Amazon Q Business uses AWS CloudTrail for logging API calls related to ACL crawling configuration. You can monitor the CloudTrail log for CreateDataSource and UpdateDataSource API calls to identify ACL crawling-related changes made to data source configuration. For a complete list of Amazon Q Business APIs that are logged to CloudTrail, see Logging Amazon Q Business API calls using AWS CloudTrail.

Administrators can configure Amazon CloudWatch alarms to generate automated alert notifications if ACL crawling is disabled for a data source connector, allowing them to initiate corrective action. For step-by-step instructions on setting up CloudWatch alarms based on CloudTrail events, see How do I use CloudWatch alarms to monitor CloudTrail events.

The example CloudWatch alarm code snippet that follows shows the filter pattern for identifying events related to disabling ACL crawling in a data source connector.

{
    ($.eventSource = qbusiness.amazonaws.com)
    && (
        ($.eventName = CreateDataSource)
        || ($.eventName = UpdateDataSource)
    )
    && ($.requestParameters.disableAclCrawl = true) 
}

Tips for troubleshooting

When configuring Amazon Q Business data source connectors, you might occasionally encounter issues. The following are some common errors and their possible resolutions.

Not authorized to disable ACL crawling

When creating a new data source connector with ACL crawling disabled, you might see an error message stating not authorized to perform: qbusiness:DisableAclOnDataSource as shown in the following image.

This error indicates that your administrator has explicitly denied the option to disable ACL crawling for your AWS account. Contact your administrator to allow-list this action for your account. For more details, see the Process to disable ACL crawling for a data source connector section earlier in this post.

Data source connection errors

Data source connectors might also fail to connect to your data source or crawl data. In such cases, verify that Amazon Q Business can reach the data source through the public internet or through a VPC private network. See Connecting Amazon Q Business data sources to make sure that your data source authentication has the permissions needed to crawl content and ACLs, if enabled.

Identity and ACL mismatch errors

Finally, after successfully syncing data with ACL crawling enabled, some users might still be unable to get answers to queries, even though the relevant documents were indexed. This issue commonly occurs when the user lacks access to the indexed content in the original data source, or when the user identity obtained from the data source doesn’t match the sign-in identity. To troubleshoot such ACL mismatch issues, examine the data source sync report. For more information, see Introducing document-level sync reports: Enhanced data sync visibility in Amazon Q Business.

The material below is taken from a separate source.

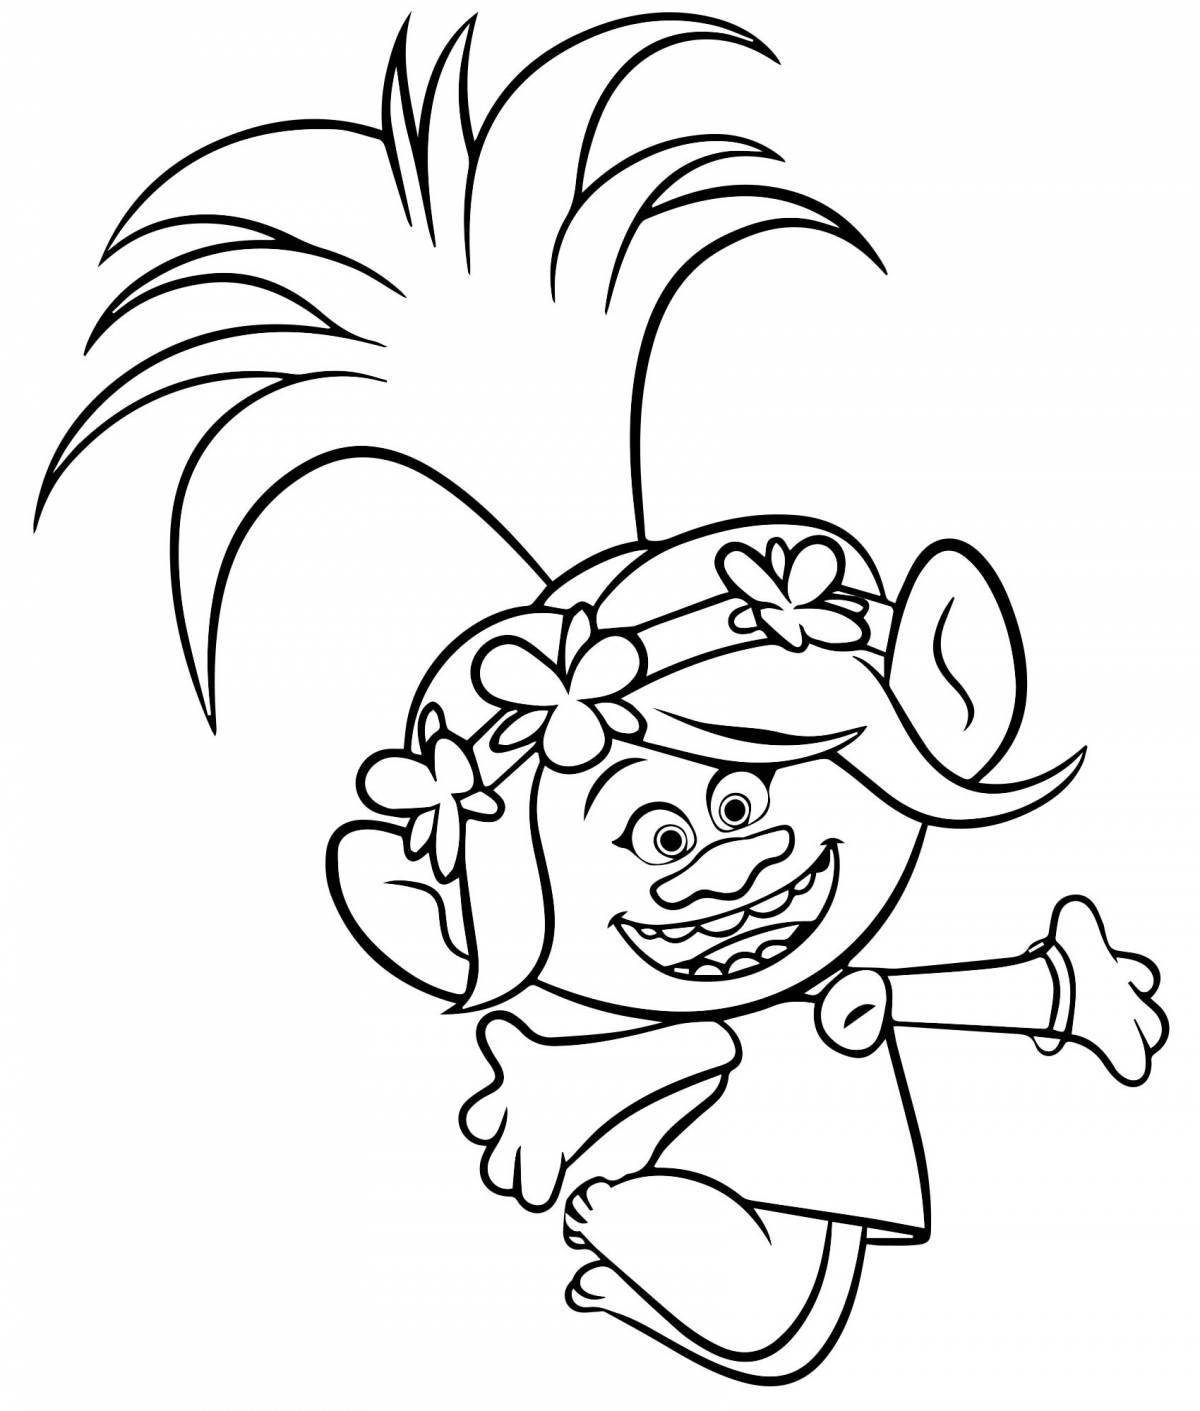 Awesome cartoon characters coloring pages for kids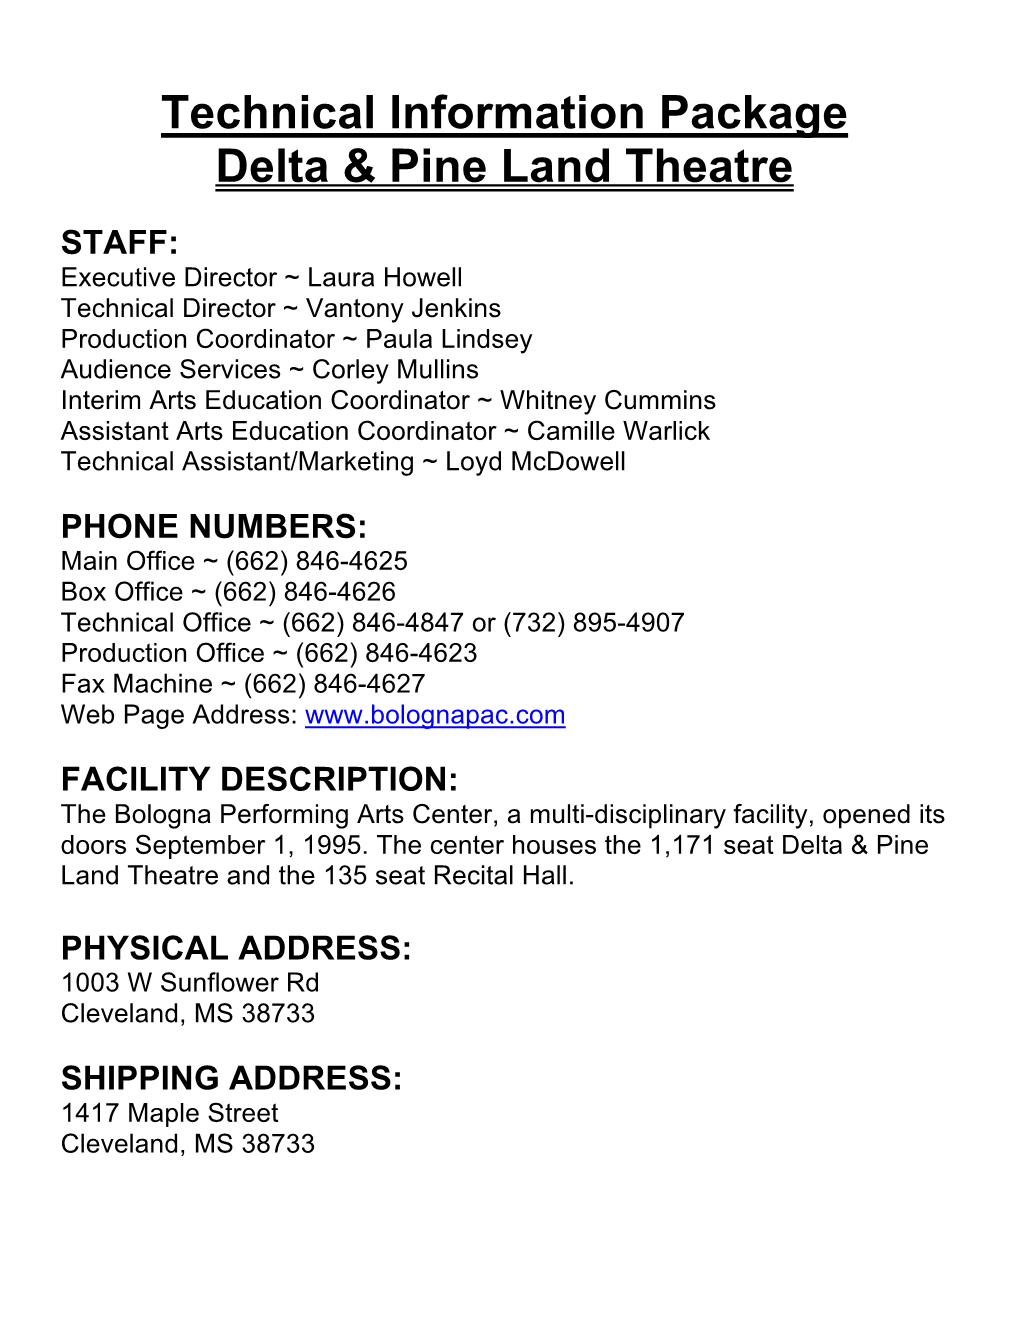 Technical Information Package Delta & Pine Land Theatre

Key considerations and recommendations

Given the impact that disabling ACL crawling can have on content security, consider these restrictions and best practices when disabling ACL crawling in Amazon Q Business data source connectors:

  • ACL crawling enablement is a one-way control mechanism. After it’s enabled, you cannot disable it. This helps prevent accidentally disabling ACL crawling in production environments.
  • Keep ACL crawling enabled by default and disable it only for the subset of data source connectors that require it.
  • If necessary, consider splitting the indexing of a data source by setting up multiple data source connectors and limiting ACL crawling disablement to a smaller content segment. Use the document Inclusion and Exclusion feature of data source connectors to define the indexing scope.
  • When ACL crawling is disabled because of irreconcilable identities, consider alternative options. These include implementing attribute filters, restricting access to the Amazon Q Business application, and setting up guardrails.
  • As a security best practice, AWS Organizations and account administrators should add a service control policy to explicitly deny the qbusiness:DisableAclOnDataSource permission for all accounts. Grant this permission only when requested by an Amazon Q Business administrator. After configuring a data source connector with ACL crawling disabled, revert to an explicit deny. Use a ticketing system to maintain a record of exception approvals. For more information, see <link>.
  • Currently, disabling ACL crawling is available for limited connectors, including ServiceNow, Confluence, SharePoint, Jira, Google Drive, OneDrive, Salesforce, Zendesk, GitHub, MS Teams, and Slack. For the latest list of connectors that support disabling ACL crawling, see Connecting Amazon Q Business data sources.

Clean up

To avoid incurring additional charges, make sure you delete any resources created in this post.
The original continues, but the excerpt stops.